Early morning launch near the northeast side of Pagan where large rock formations jut out from the sea. NOAA photo by Jake Asher.
It's business as usual as the dive teams set out for a day of operations. That being said, I don’t think any of the divers, even those who are now on their fifth research cruise to the region, ever tire of the sites above or below the sea surface. One of the REA fish divers was sharing her photos with me from her surveys here at Pagan, and even she can’t get enough of some of the species they find here such as the variations of anemonefish in the pictures below.
Clark's anemonefish (Amphiprion clarkii). NOAA photo by Paula Ayotte.

Pink anemonefish (Amphiprion perideraion). NOAA photo by Paula Ayotte.
And the oceanography team, normally busy underwater deploying and recovering various oceanographic instruments, took time out to enjoy some of the spectacular corals that are found here.
A mushroom coral (Fungia sp.). NOAA photo by Oceanography team.
Previous RAMP surveys have noted a number of underwater stressors to the coral reef habitats here at Pagan, from a large increase in cyanobacteria cover (i.e., blue-green algae) seen island-wide in 2009, to persistent Acanthaster plancii (crown-of-thorns) populations. Thankfully, our recent surveys revealed that neither appear to be currently causing stress to the benthic environment here.
Peering through the rock formations, you can see a glimpse of the volcano in the background. NOAA photo by Paula Ayotte.
At the end of a long day, the divers’ route back to the ship takes them around the north side of the island past the amazing rock formations, but their work is not yet done.

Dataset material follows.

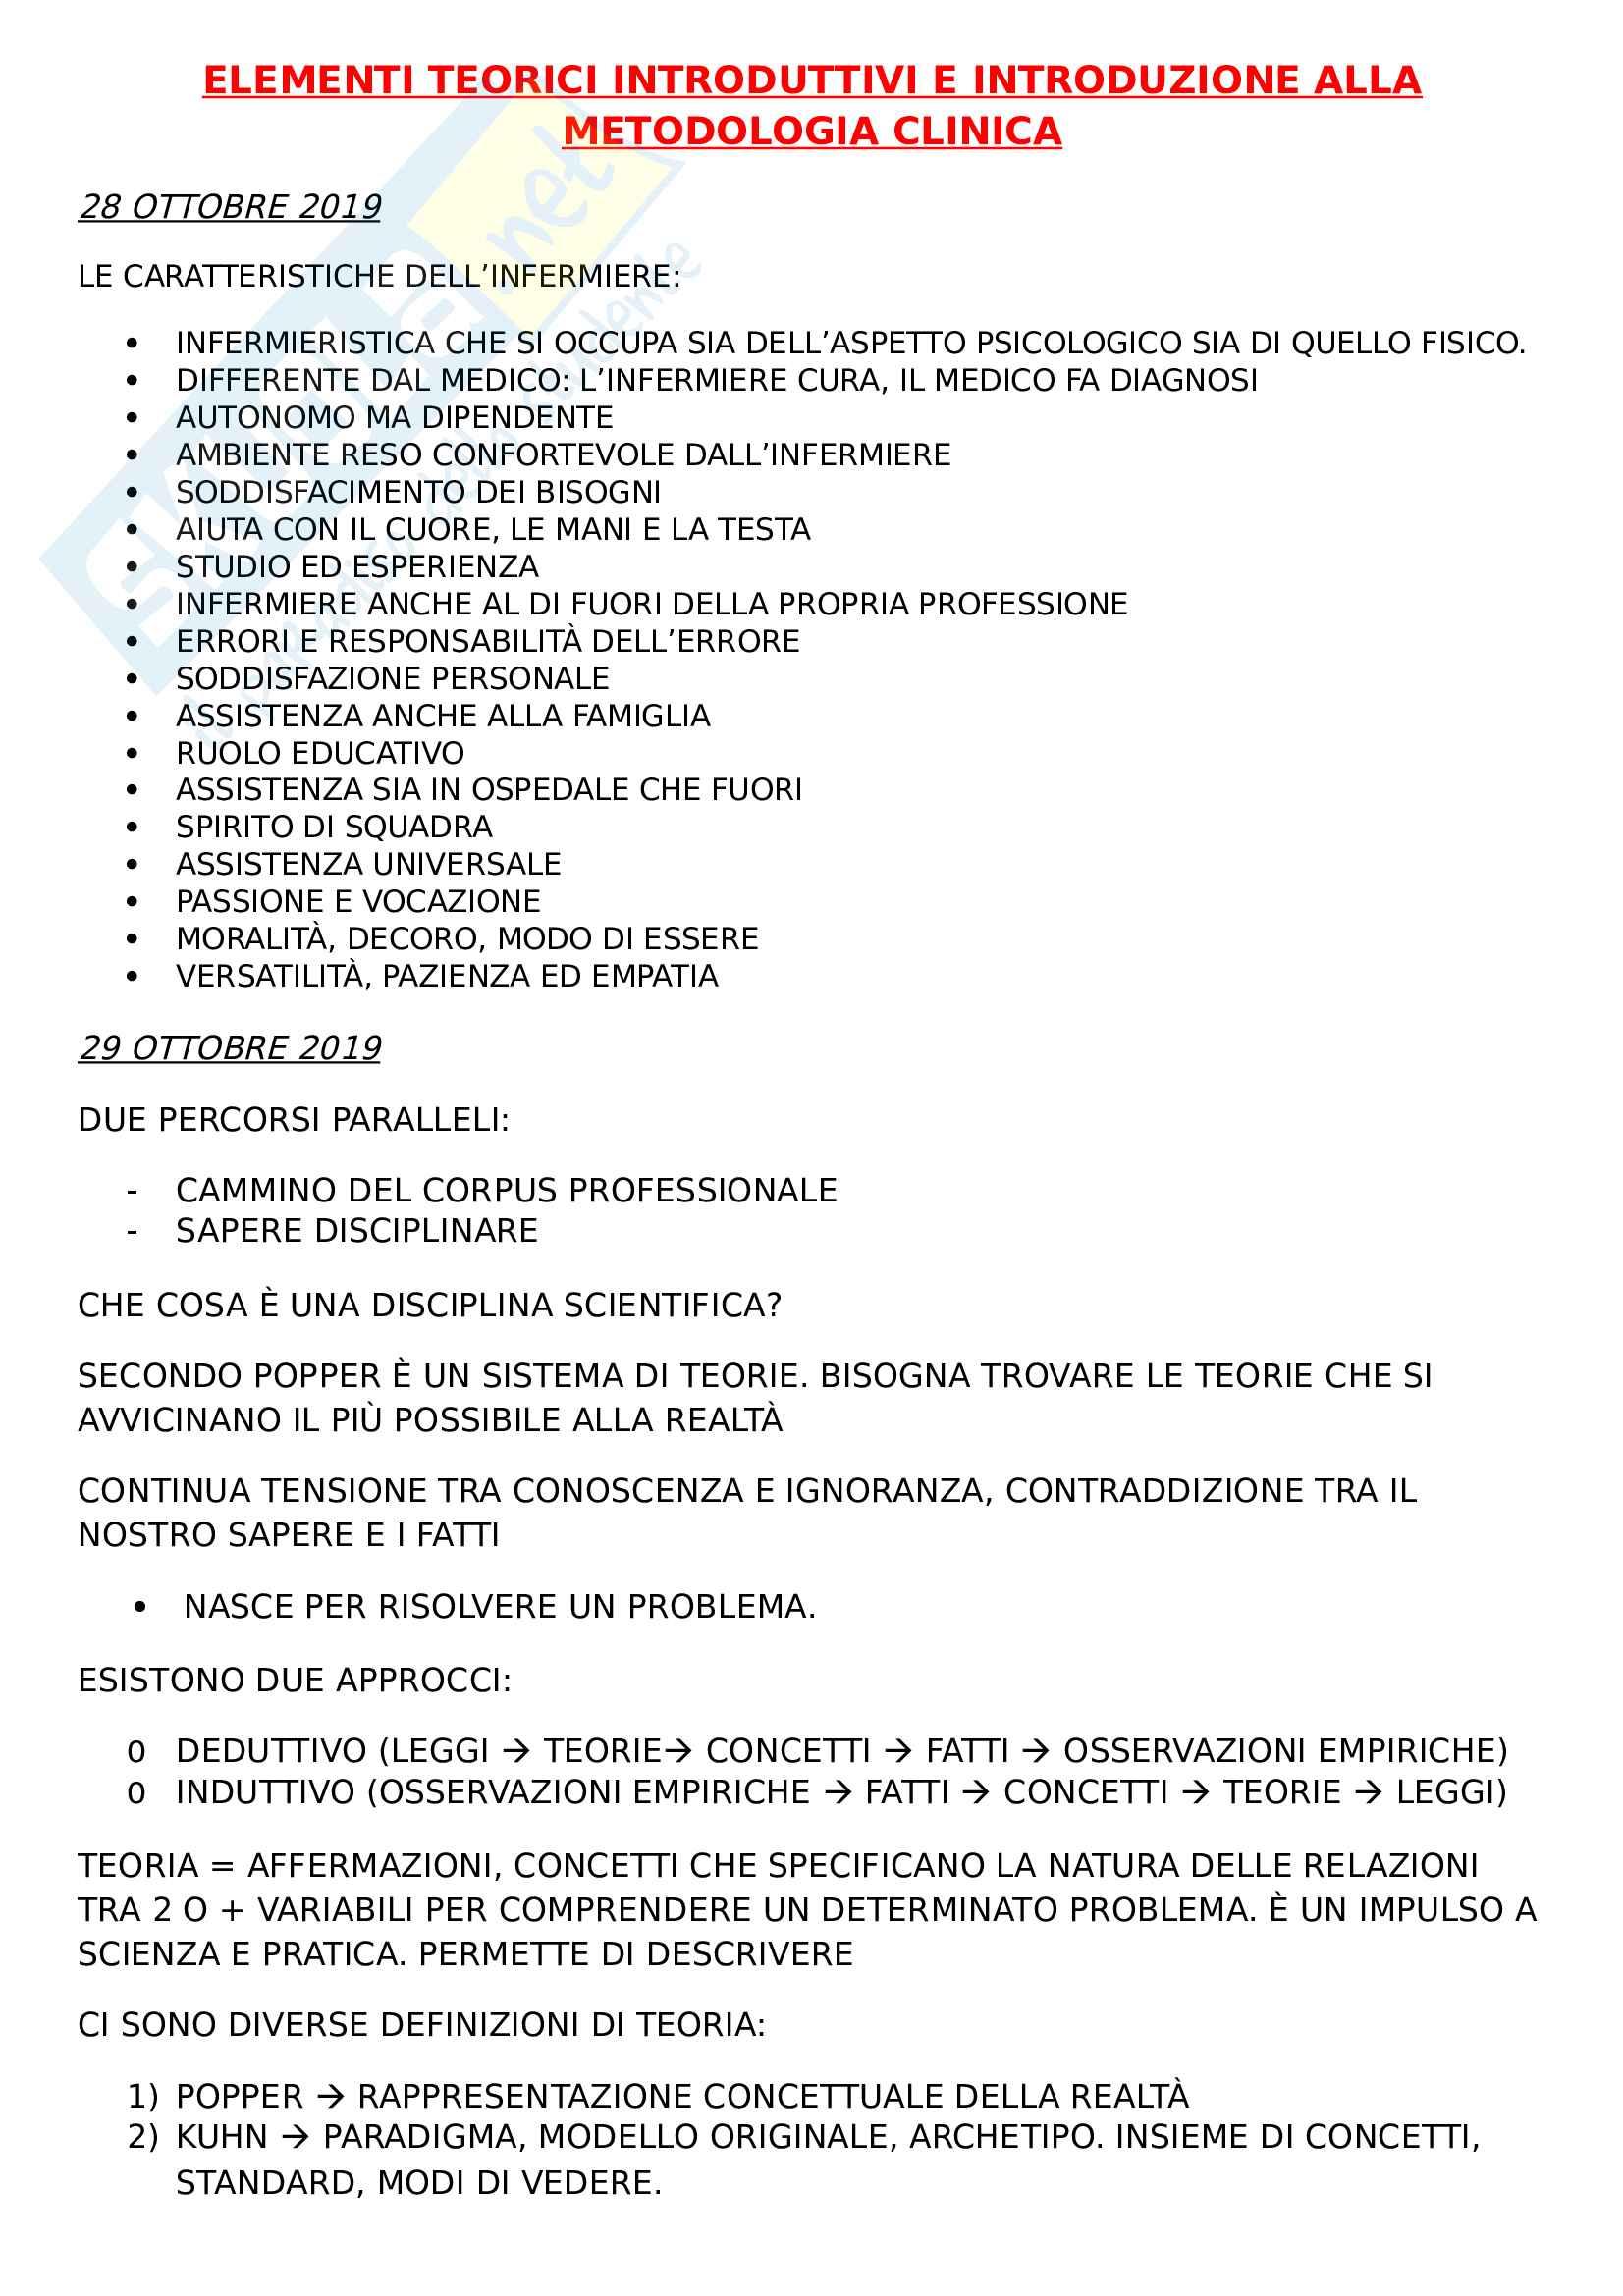 Elementi teorici introduttivi e introduzione alla metodologia clinica

It takes several players to safely deliver the small boats back into their cradles on the Hi’ialakai. We're well into the second leg of this cruise, and yet, no matter how tired or routine it might seem, safety always comes first.
Chief Scientist Jake Asher snaps his camera just in time to show AB Carmen Greto throwing the lines to one of the divers on HI-2. NOAA photo by Jake Asher.
After three days of surveys here at Pagan Island, it's time to move on to our next destination. Next stop on our journey, Asuncion Island.